A business isn’t always alone. Competitors, rivals, peers, and collaborators exist. And it’s critical to have these, for, without them, companies are prone to failure due to not having data. Competitors are important for a market to flourish, and businesses will do well to learn from their peers. Below are more reasons your business should know its rivals.
Gain Insight on Your Advantages and Improve Your USPs
As a startup company, remember that you are studying your competitors to know what to improve in your own business. Perhaps you’ve found a flaw in their website design wherein they do not interact with their clients or make transactions inefficient. You can then take this as a cue to be more proactive in reaching out to your customers and finding out how to make their experience better.
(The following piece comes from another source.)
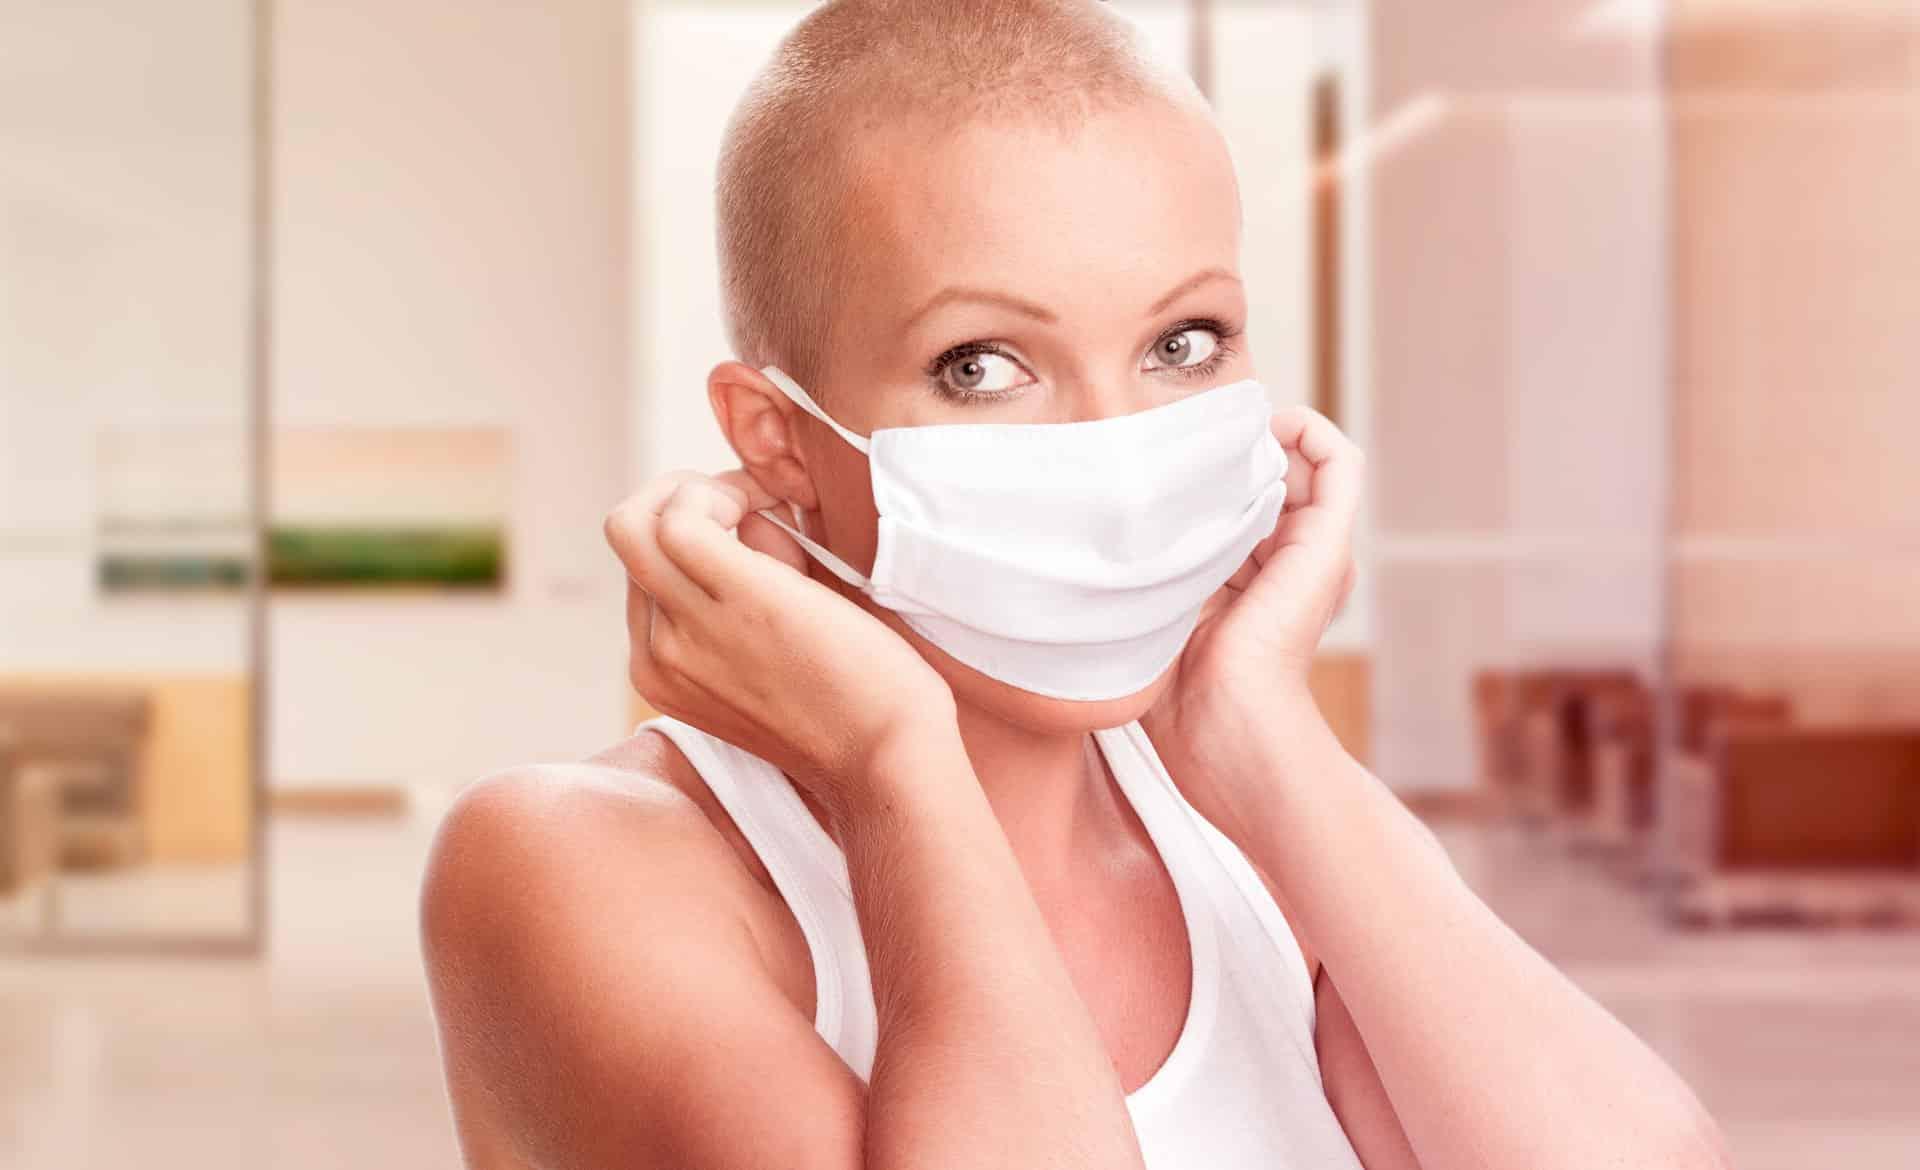 Teremos mais mortes por câncer devido à pandemia?

If your unique selling point is your user-friendly web design, push that to the next level by complementing it with a mobile app. You can partner with a reputable mobile app development company to achieve this. This way, your customers can have a more seamless multi-platform experience. Many major companies have complemented their stellar service with intuitive software design to give their clients the ability to contact them or make transactions more efficient.
Minimize Risks and Learn from Their Mistakes
Many have heard the saying, “we learn from failure, not from success.” It’s a quote often attributed to Dracula. But while businesses have very little to do with the literary vampire, the saying still holds water. However, it doesn’t necessarily mean it’s you who needs to make a mistake. Many businesses within the same industry, especially ones far older, have gained their experience through countless trials and errors.
Your business might be the same, going through many experiences, both right and wrong. But learning from others’ mistakes grants you the benefit of never having committed them. Take the time to learn the history of your industry and see where others went wrong. Perhaps a spark of success is there, but the execution needs working on. It is through analyzing the market and its history where you will find the secret to success.
Figure Out Your Indirect Competition
If you are within a niche business and you think you don’t have any competition, try thinking more critically. More often than not, people mostly see competition as those being within the same industry as theirs.
However, competition can also come from other businesses tangentially related to your business. Take being a graphic artist, for example. Competition for graphic designers doesn’t only come from within the same job title. Various types of artists, both digital and traditional, can offer similar services and products. Therefore, competition can be tight.
Meet Customer Expectations Better
Clients and customers have a set of expectations from the services they choose to buy. Normally, the expectation is set by what the establishment advertises as their products or services. But often, clients have different impressions of how a service or a product is delivered. By studying your competitors, especially ones in the same industry, you’re gaining insight into how these clients actually use the product you’re offering.
The other businesses likely offer services within a specific price range or a particular level of quality. Clients can assume this is the typical market rate. By knowing such matters, you can better temper your services to match the expectations of your target segment — if not exceed it. Your business can modify and enhance accordingly, making your services a lot more appealing to customers.
Find Holes in Your Own Business
Business owners can find mistakes through objective and comparative analysis, but looking at your own isn’t enough. There has to be a standard to compare your performance against. In the case of businesses, it’s best to compare against the best. Look at the market leader in your industry and compare your strengths and weaknesses. You’ll realize the holes or mistakes your business is making that the market leader is succeeding at.
Once you find that, you can pinpoint whether it’s an issue within your company or a particular skill of the competition. Your industry peers might be offering higher quality services or a better variation of your product, or they might even be leveraging their marketing drive better than you’re using yours. Always compare and contrast with others. It’s not about who’s doing better; it’s about finding the points you can improve on.
Young businesses often focus too much on market research. However, it shouldn’t be the only thing you study. It pays to take a closer look at your competitors, so you can gain insight into what practices are effective and what aren’t.